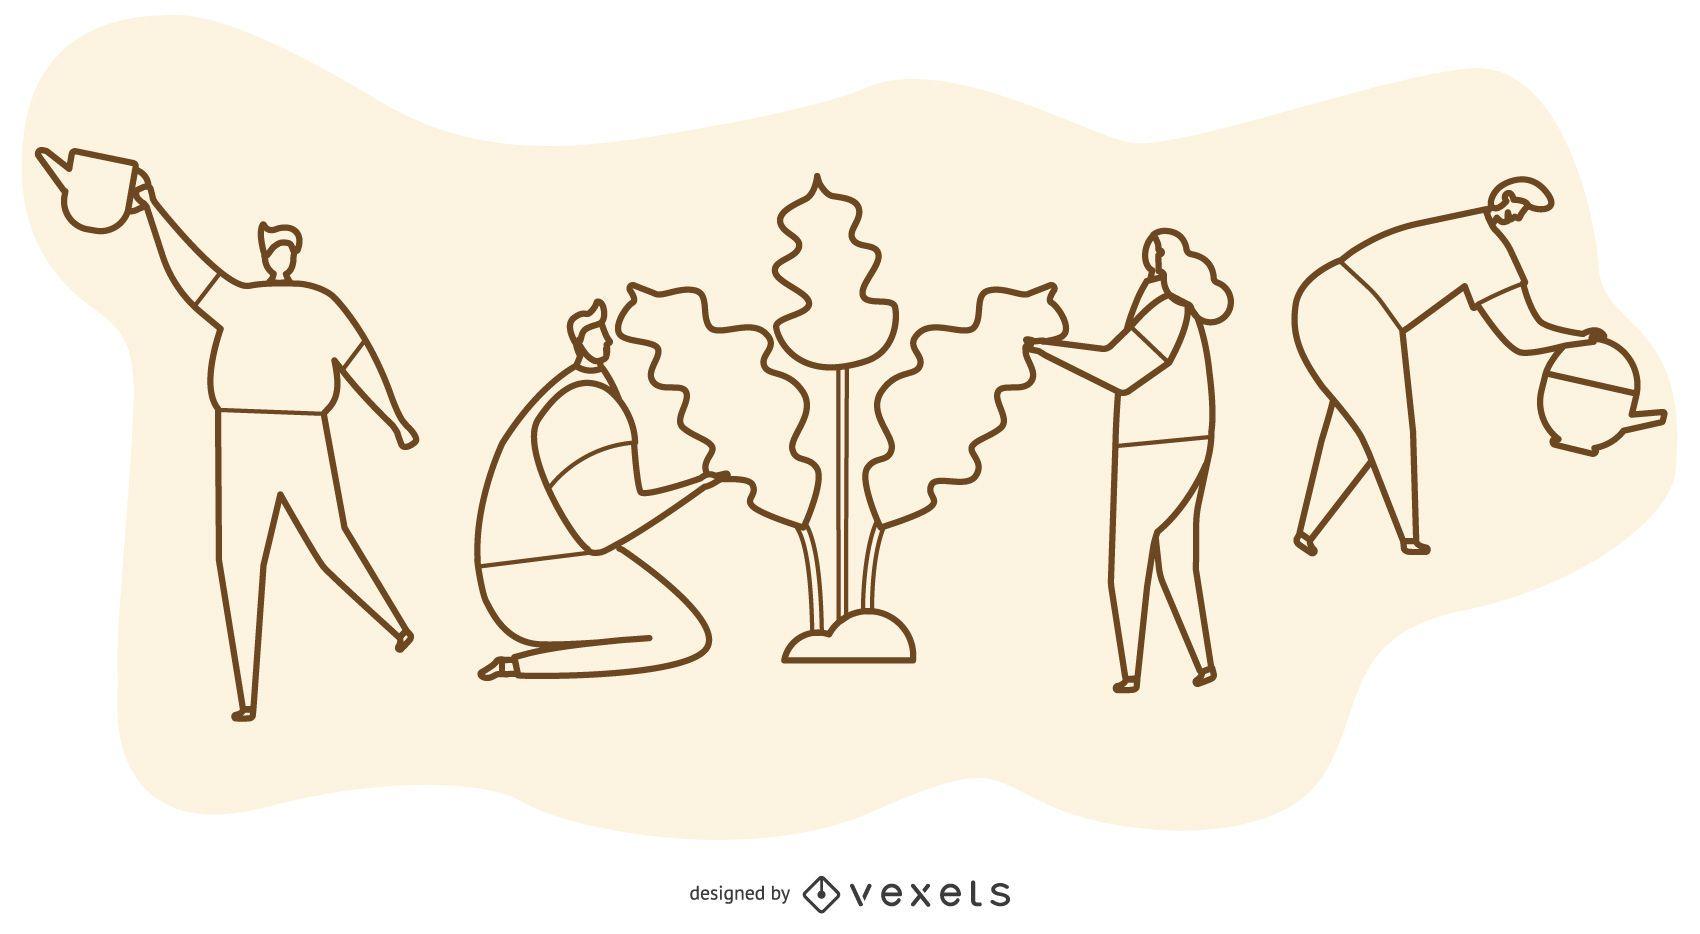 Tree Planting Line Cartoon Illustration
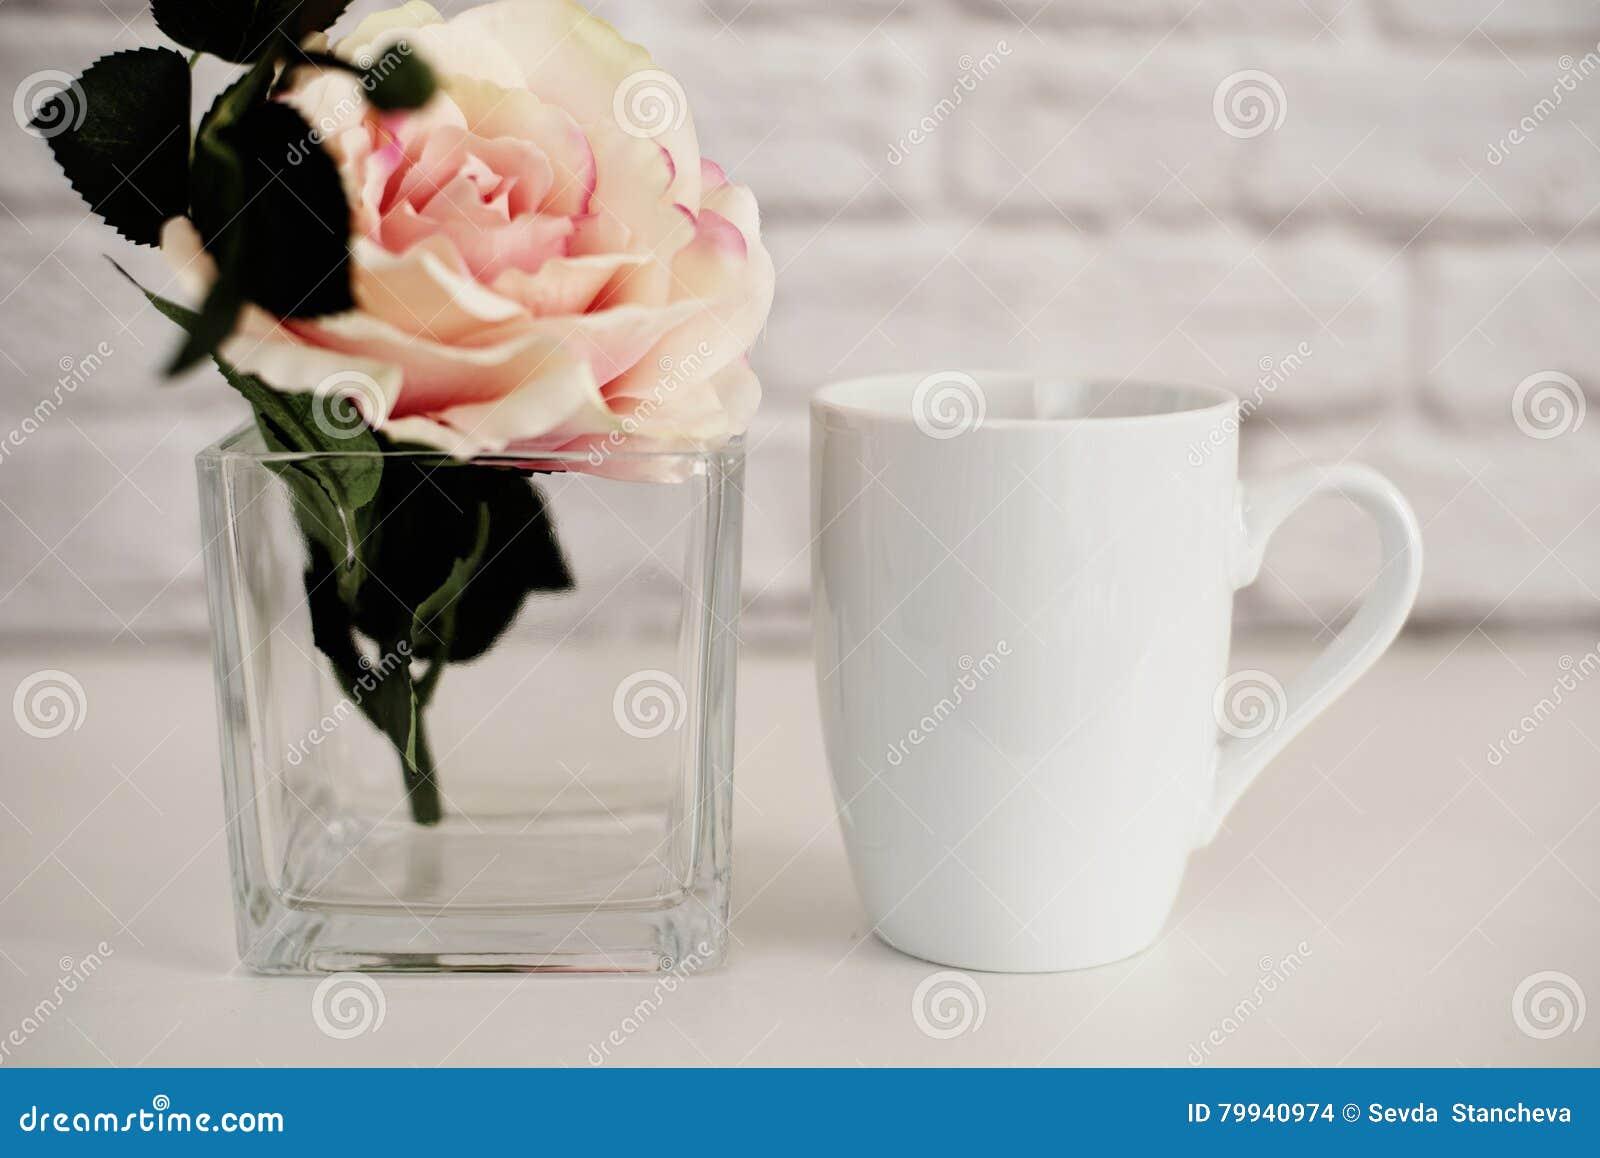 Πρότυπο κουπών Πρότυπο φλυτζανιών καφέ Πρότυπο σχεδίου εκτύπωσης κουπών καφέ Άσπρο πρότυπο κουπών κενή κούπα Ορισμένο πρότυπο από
---
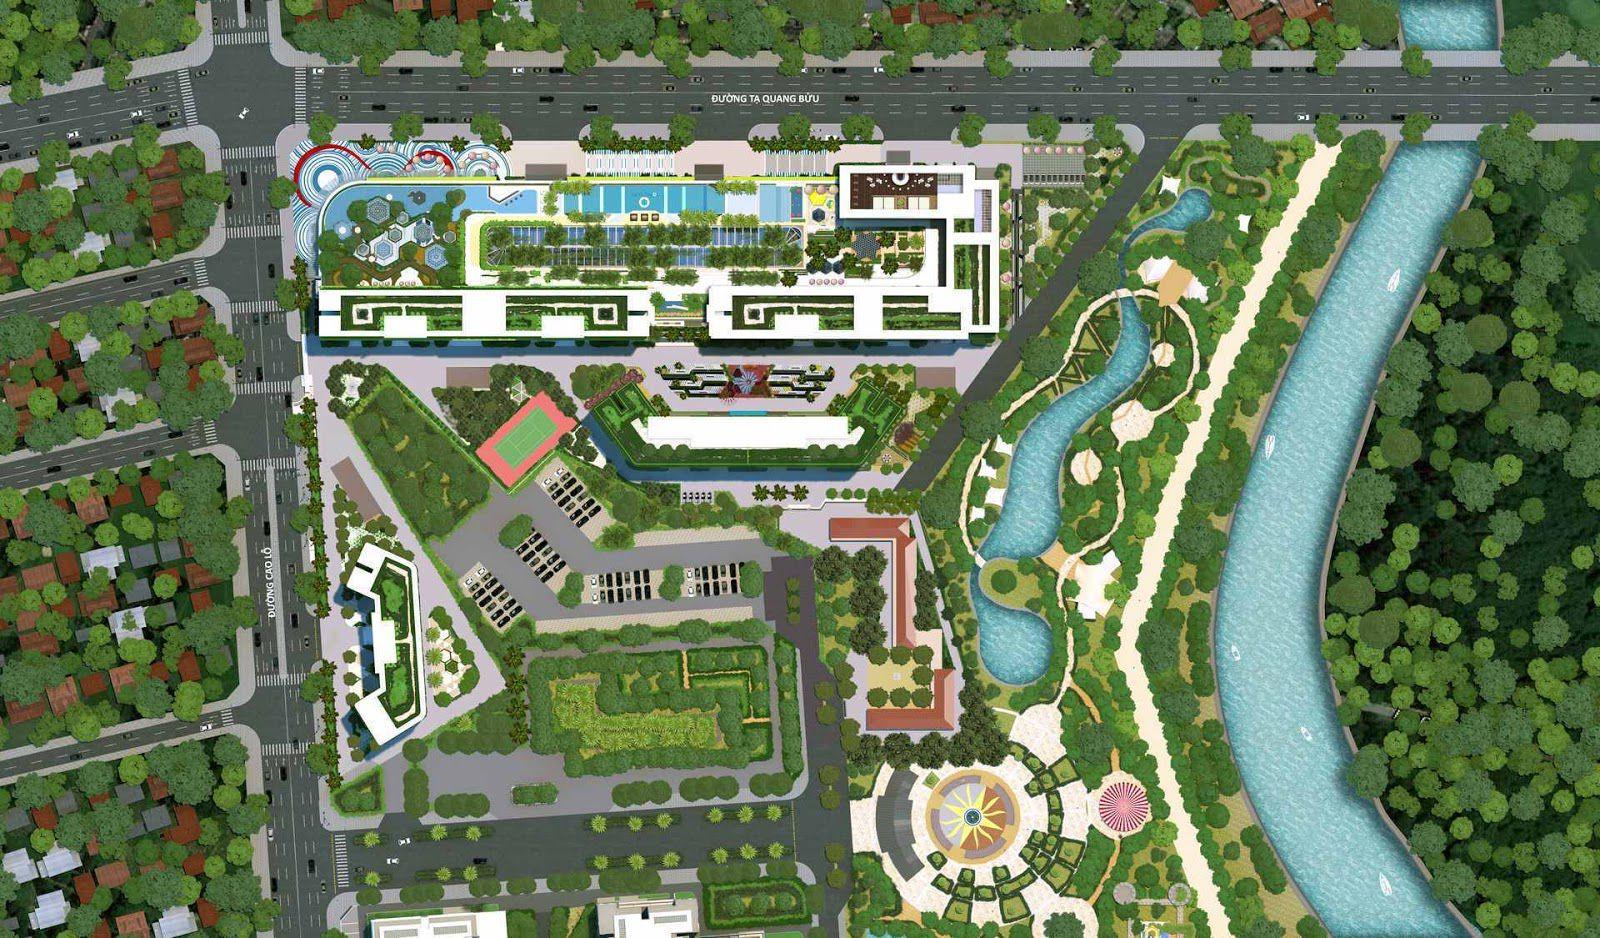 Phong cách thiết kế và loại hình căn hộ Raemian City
---
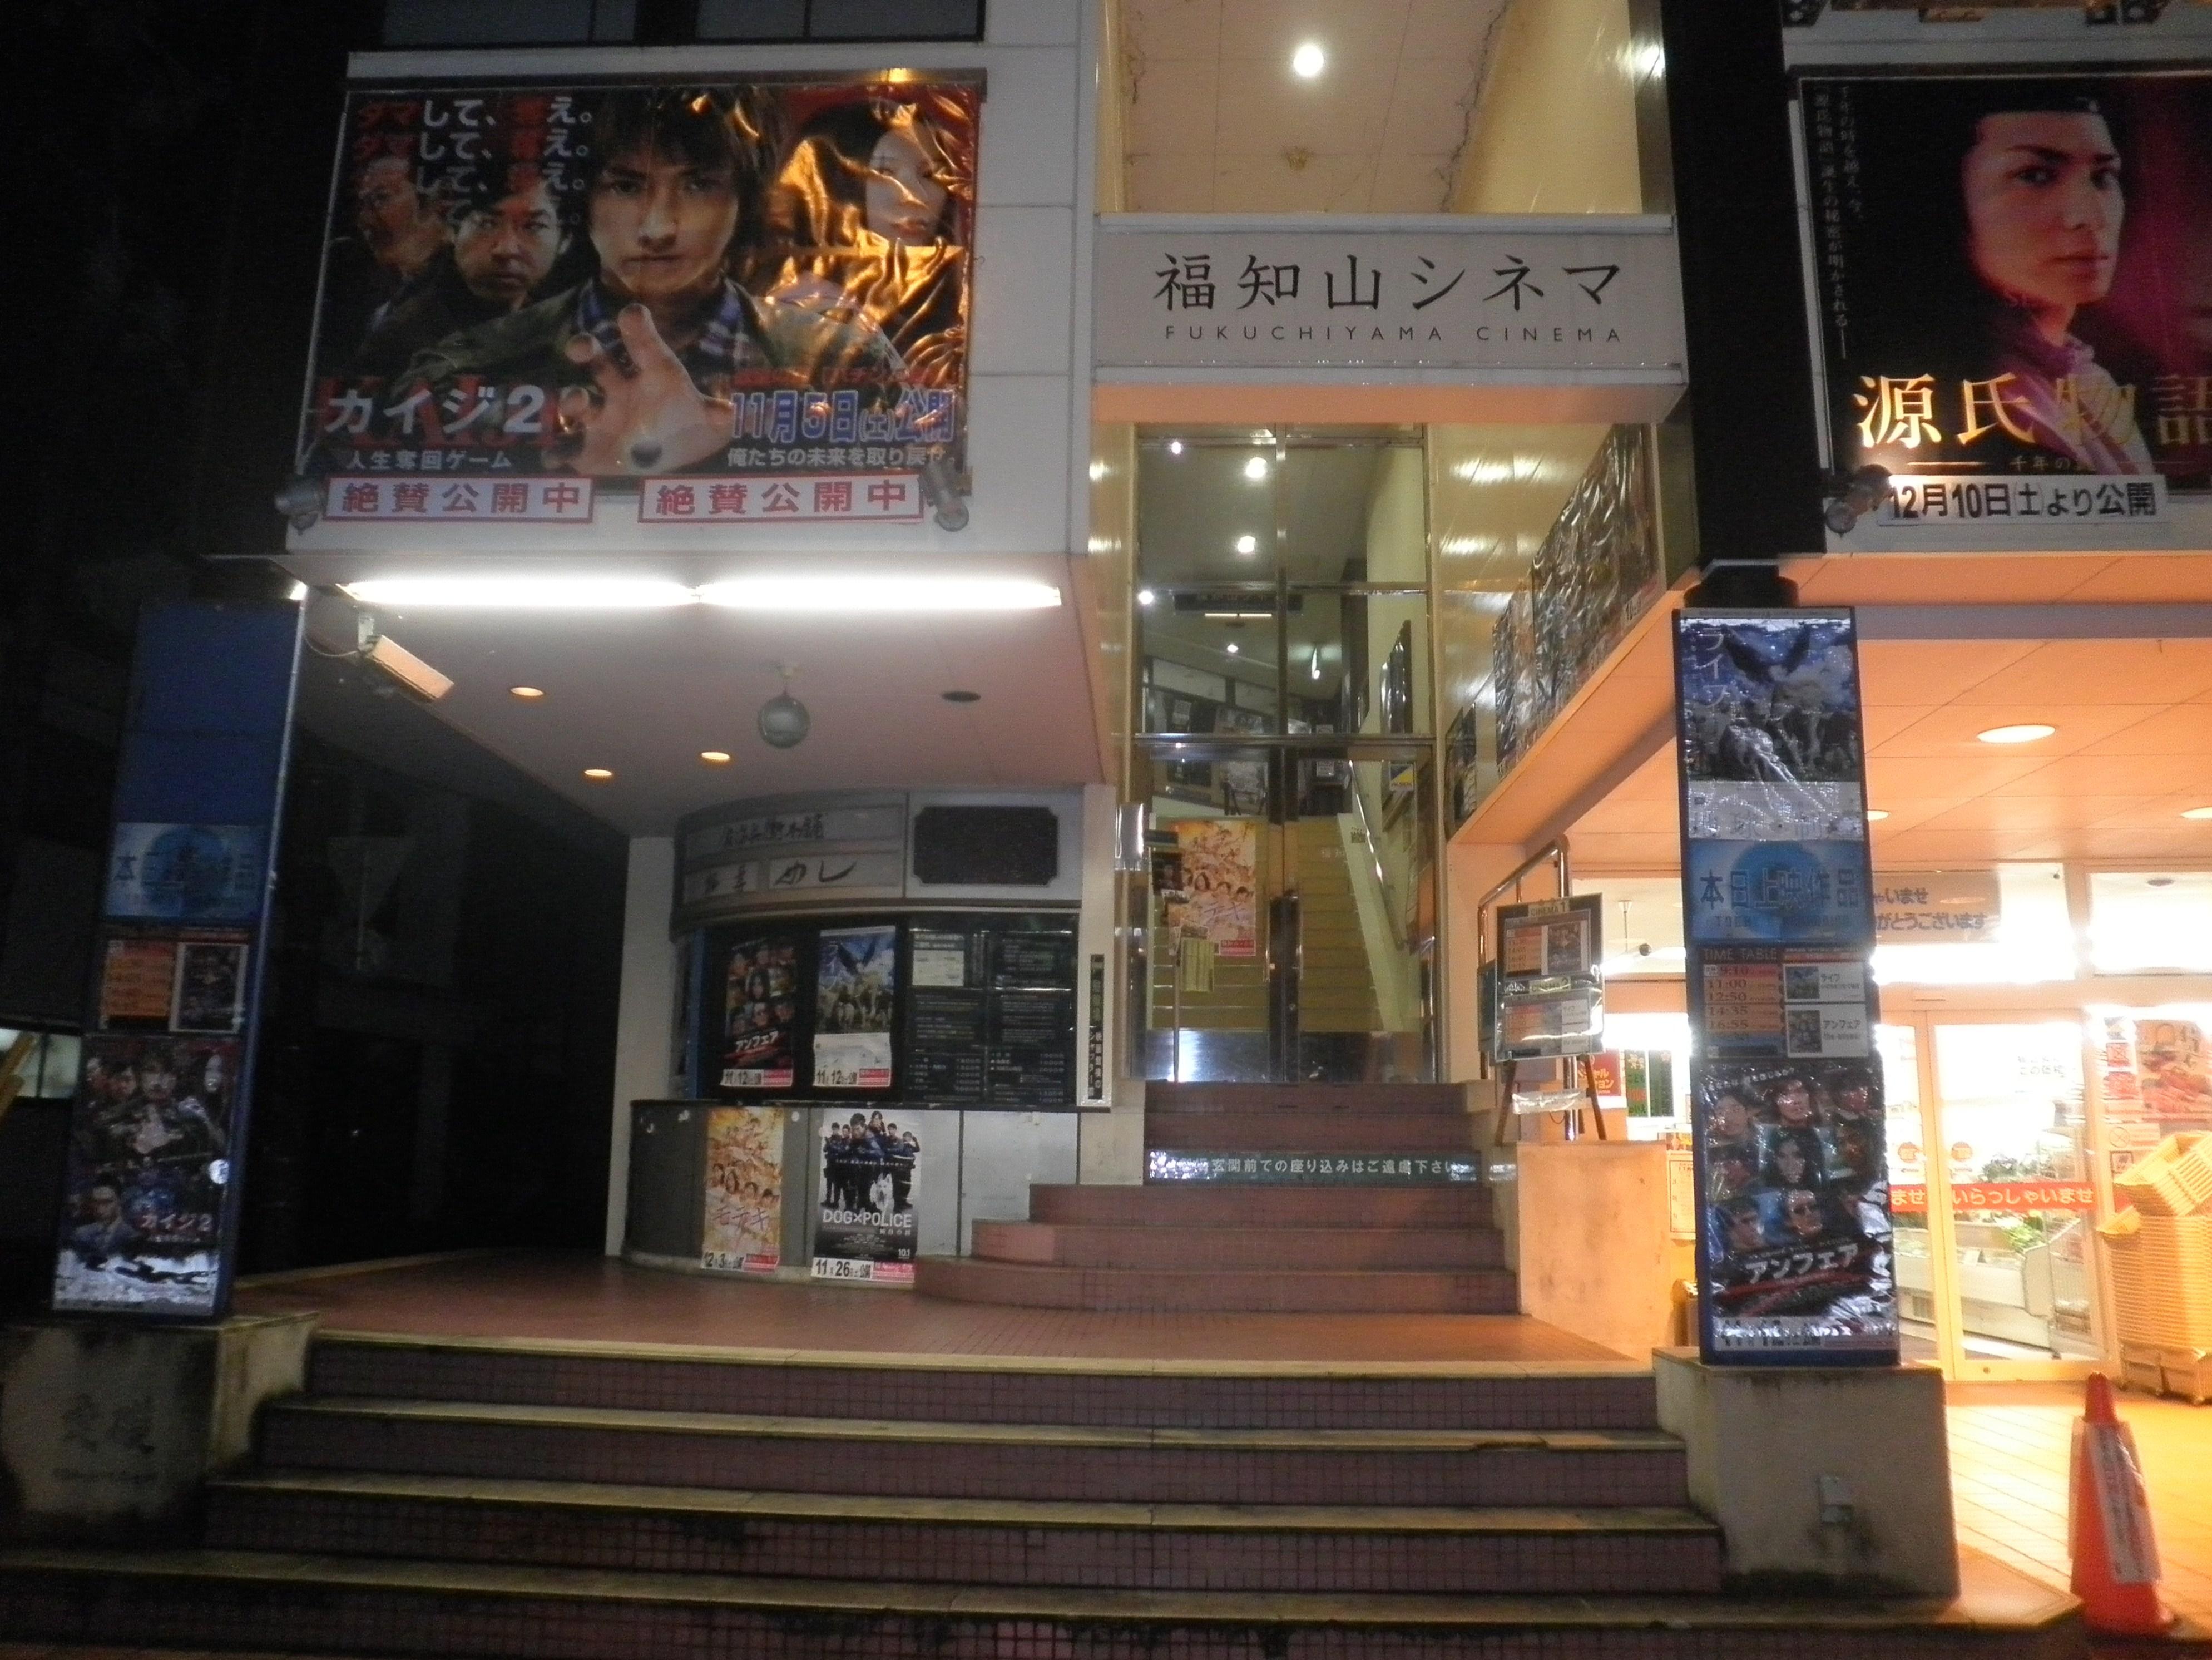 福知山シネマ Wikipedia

PROBLEM TO WORK ON |
Every line from the one with "Tree Planting Line Cartoon Illustration" through the one with "Πρότυπο κουπών Πρότυπο" is to be reproduced exactly as written above, and the pictures are to be dropped.

RESPONSE |
 Tree Planting Line Cartoon Illustration
 Πρότυπο κουπών Πρότυπο φλυτζανιών καφέ Πρότυπο σχεδίου εκτύπωσης κουπών καφέ Άσπρο πρότυπο κουπών κενή κούπα Ορισμένο πρότυπο από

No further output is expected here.